Two nights ago I dropped a polite young woman off at her home, short trip. $10 tip, 1AM. Very next ping, 1 minute later, I get pinged to go to a popular bar/club that is known for over-serving and young hotheads closing the place down, but there's a Surge, so I'll take a chance. Pick up the rider, and his destination is 12 minutes away at the edge of nowhere. He asks to stop at a gas station quick to grab some beer (ugh... really?), I decided to agree when he said he would tip $20 if I did... Okay, let's see... since it was literally 1/4 mile from his house. He was fast going in and out, and got back in the car and handed me TWO $20 bills and said he appreciated it. Dropped him off at his house, then got pinged again from the same area I just came from, 12 minutes away... again on a Surge. I show up, and what looked to me like the bar manager walked up and explained the situation: There was another guy sitting on a bench slouched over, and he asked me if it was okay to take this guy to his house because he was completely wasted (and he was). Basically, he wanted to get this guy home safe, and away from his establishment. I hesitated, and the guy handed me $30 up-front and asked again if it was okay, and call him if there were any problems with the guy (if he puked). This rider was close to puking, but didn't, and actually was able to walk himself out my car at drop-off. He wasn't belligerent either, just hammered.
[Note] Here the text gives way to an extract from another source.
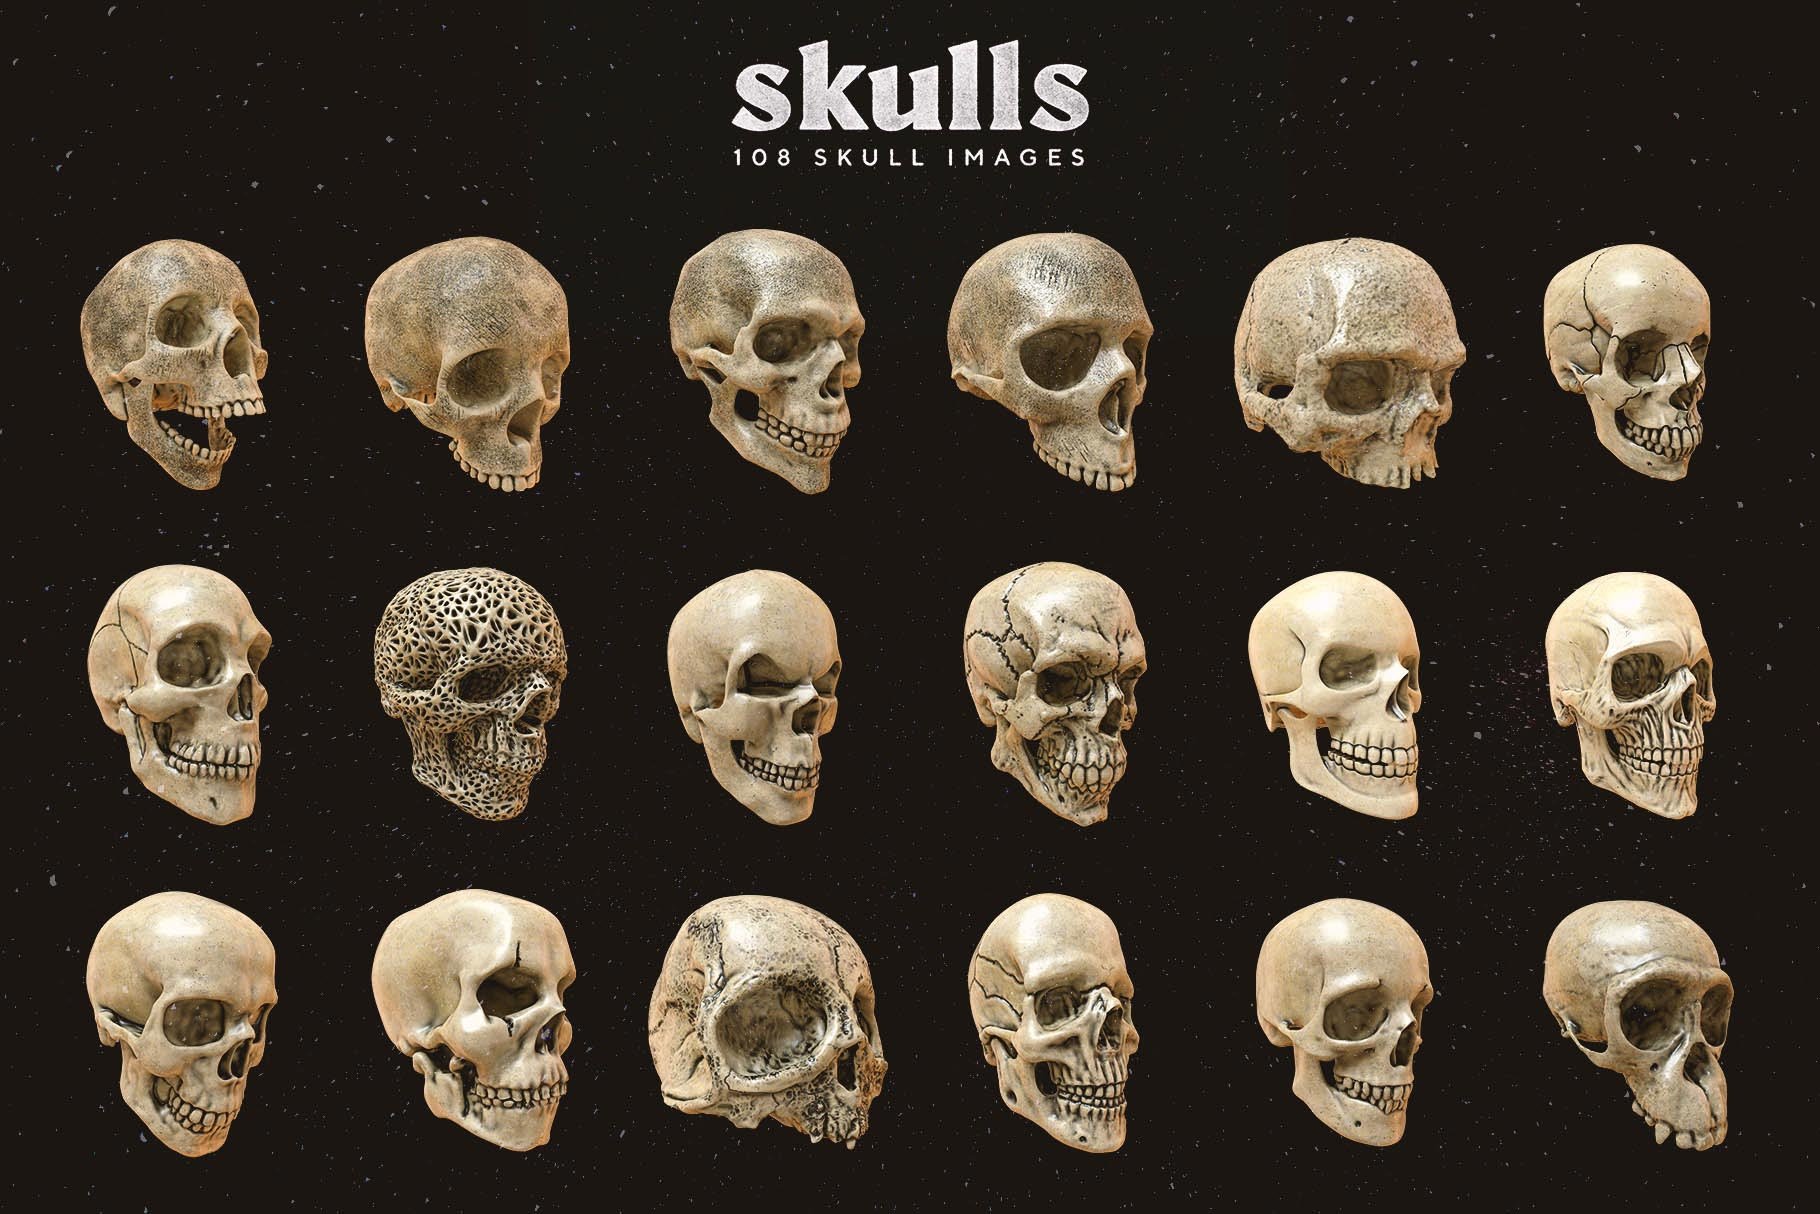 Skulls 108个高分辨率骷髅头骨逼真骨骼金属纹理PNG素材 图片素材 第4张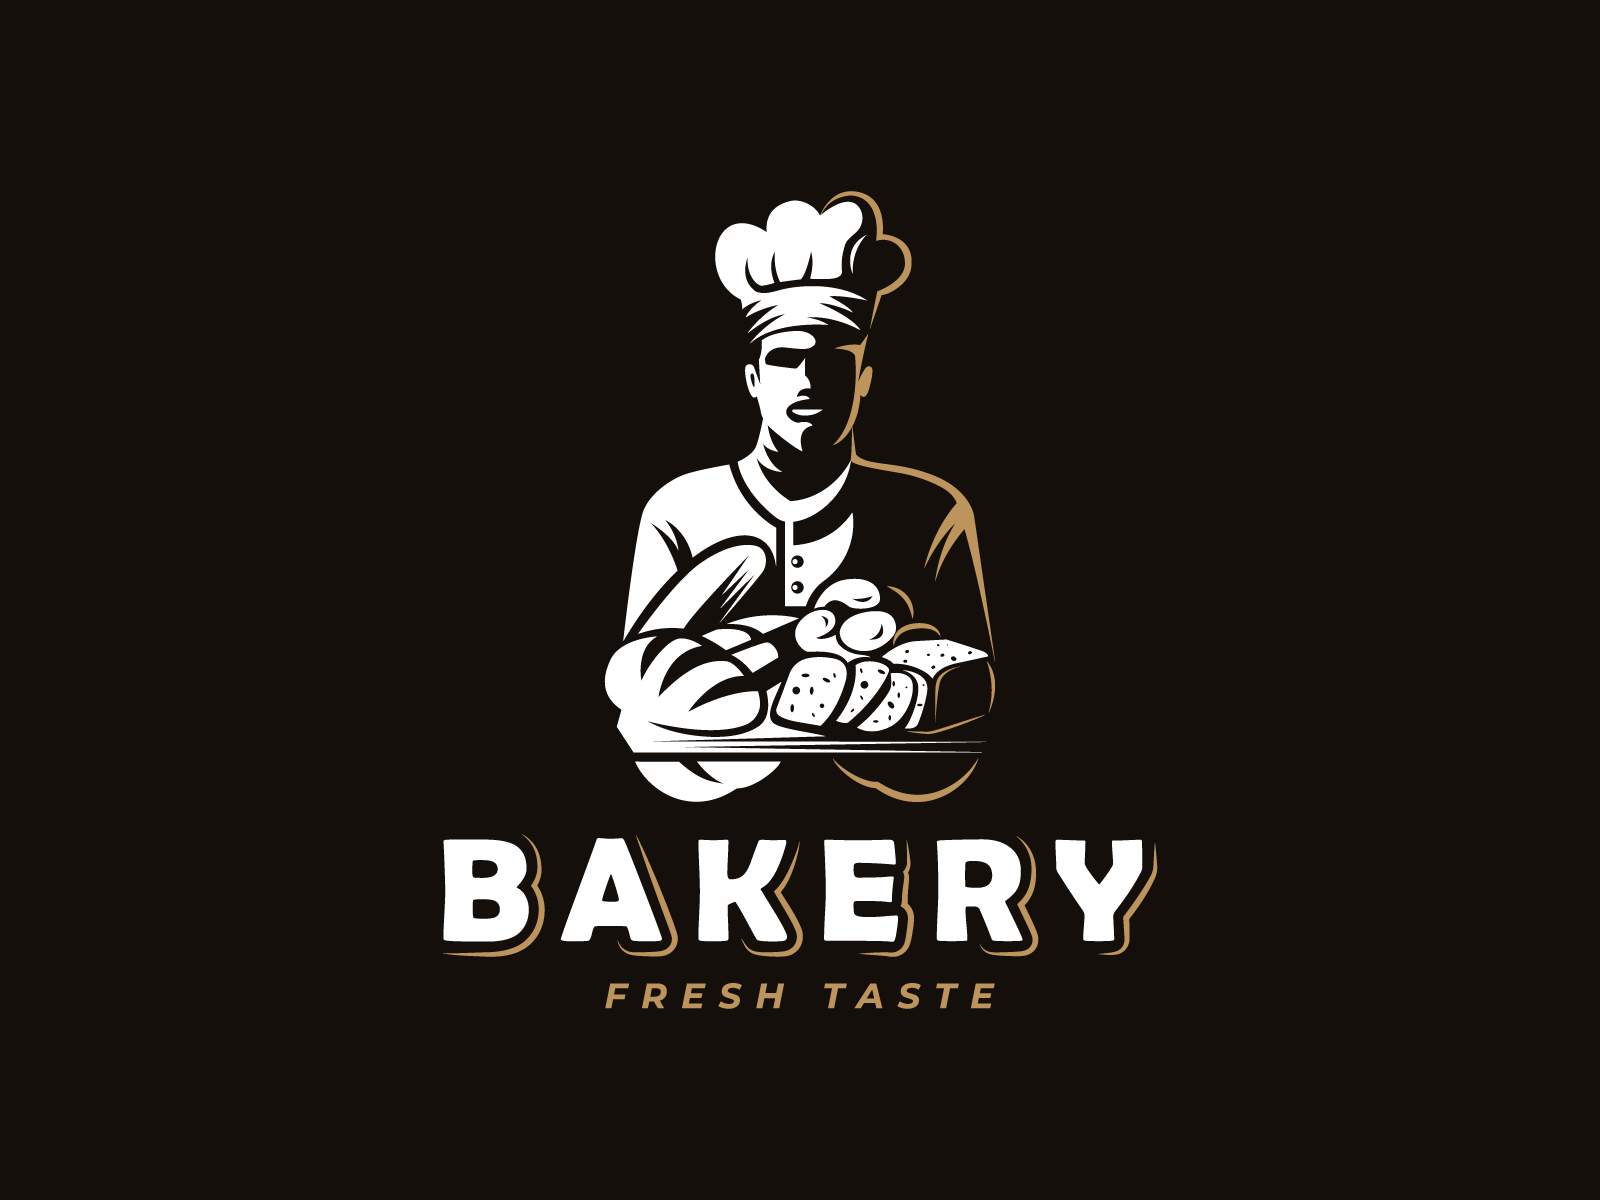 Bakery Logo by Israfil Shawn on Dribbble

So, took a chance, got luckier than I would have ever expected. $80 in tips on three trips in less than one hour, plus the trip fares 2/3 were mild Surges. Combined with the $34 I received in tips leading up to that for the night, totaled $114 in cash for the night. Best I have had so far.

My previous best was $60+ one night, when I got two back-to-back trips that resulted in $20 tips each time, and a $10 tip before that, and some small tips after.

What's weird is how some nights, I see NOTHING. Other nights, people tip consecutively $2 here, $4, $5, sometimes a $10... and there doesn't seem to be much rhyme or reason to it. It seems like all or nothing some days.


----------